Injection molding technology has evolved into one of the most versatile and dependable manufacturing processes that can be applied to an array of industries. Today, plastic injection molding technology has evolved such that there are various types of polymers and innovative processes to achieve increasingly tighter tolerances and repeatability. An innovation that has revolutionized the plastic injection molding industry to strides was the development of hot runner technology.
Hot runner systems were introduced in the 1960’s and since then, have continued to evolve rapidly. These systems enable manufacturers to reduce material waste, improve control, and increase productivity.
Hot runner technology optimizes molding processes to achieve superior melt control and processing performance, thereby yielding high-quality parts. While they do increase the initial mold cost, the enhancements in efficiency and production not only compensate for it but also make it more economical. The system is designed to create high-quality products with efficiency and accuracy.

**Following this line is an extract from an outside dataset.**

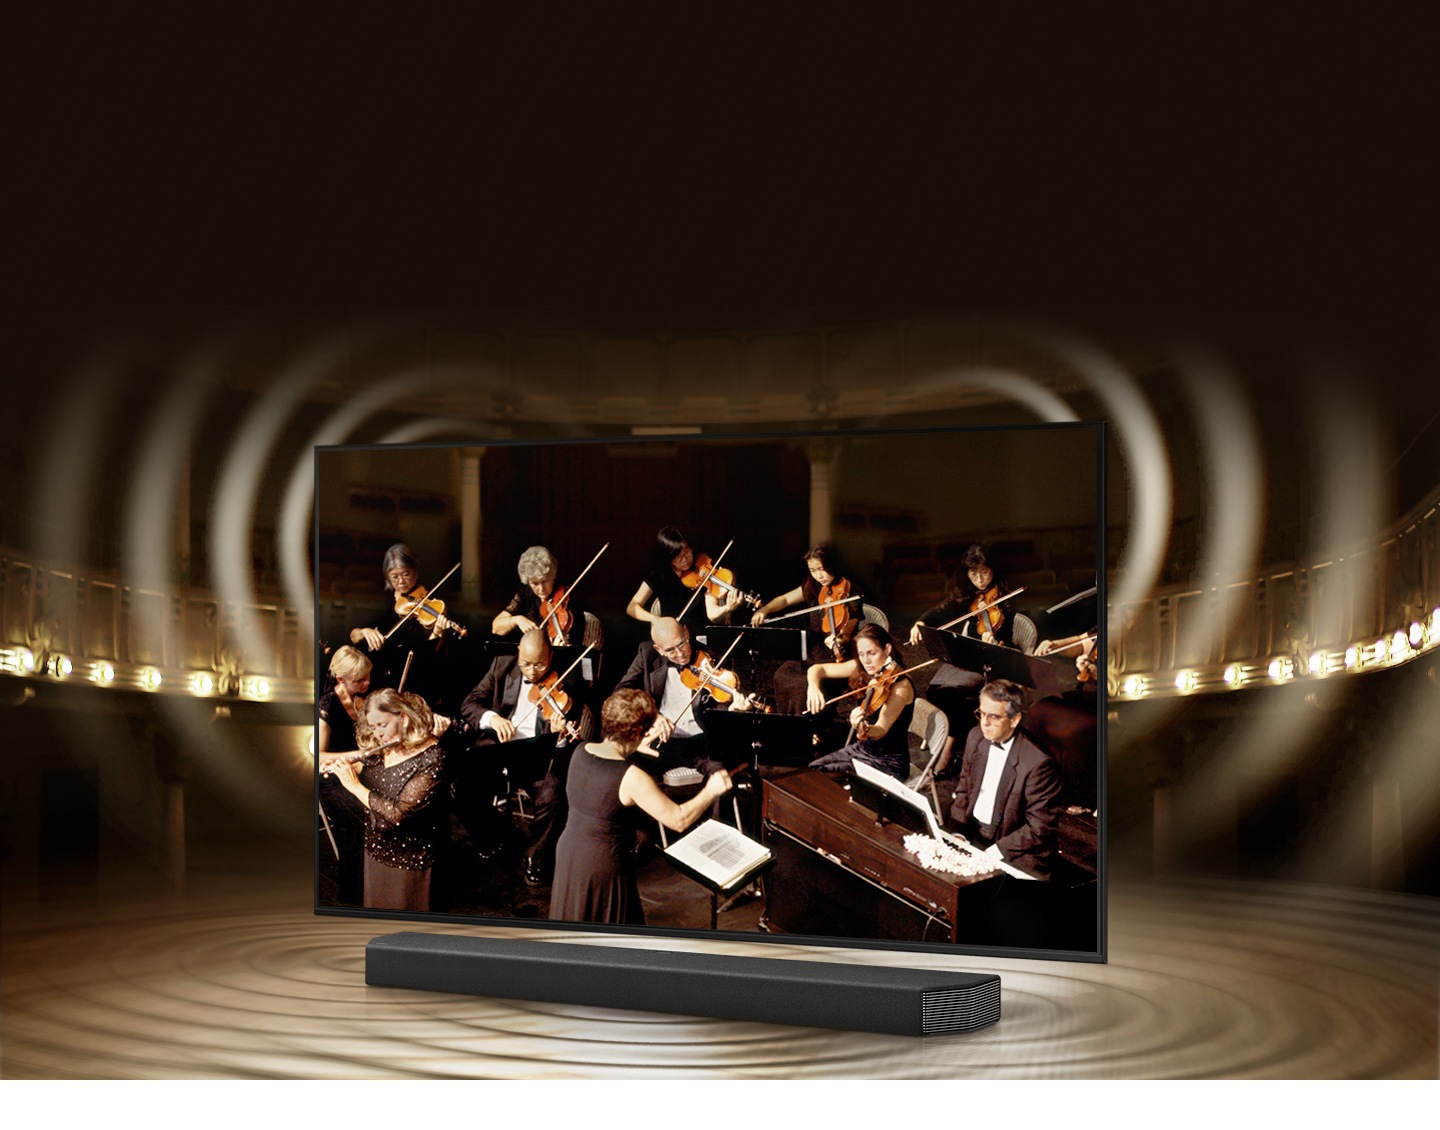 تُظهر رسومات الموجات الصوتية المحاكاة من التلفزيون ومكبر الصوت تقنية Q Symphony أثناء تشغيل الصوت معًا.

Hot runner technology presents manufacturers with solutions to solve novice challenges of the industry and in this article, we discuss hot runner systems, their various types, applications, and design considerations in detail.
Hot runner systems are also referred to as runnerless molding or hot-manifold systems and are a set of heating devices that are installed in the mold for temperature control.
A hot runner system is an assembly of heated components that directly inject molten resin into the mold cavities. These systems incorporate a heated manifold to keep the resin in its molten state. It’s a complex control system that ensures a consistent melt distribution and flow. Heating of the runner systems can be achieved through coils, cartridge heaters, heating rods, heating pipes, and band heaters.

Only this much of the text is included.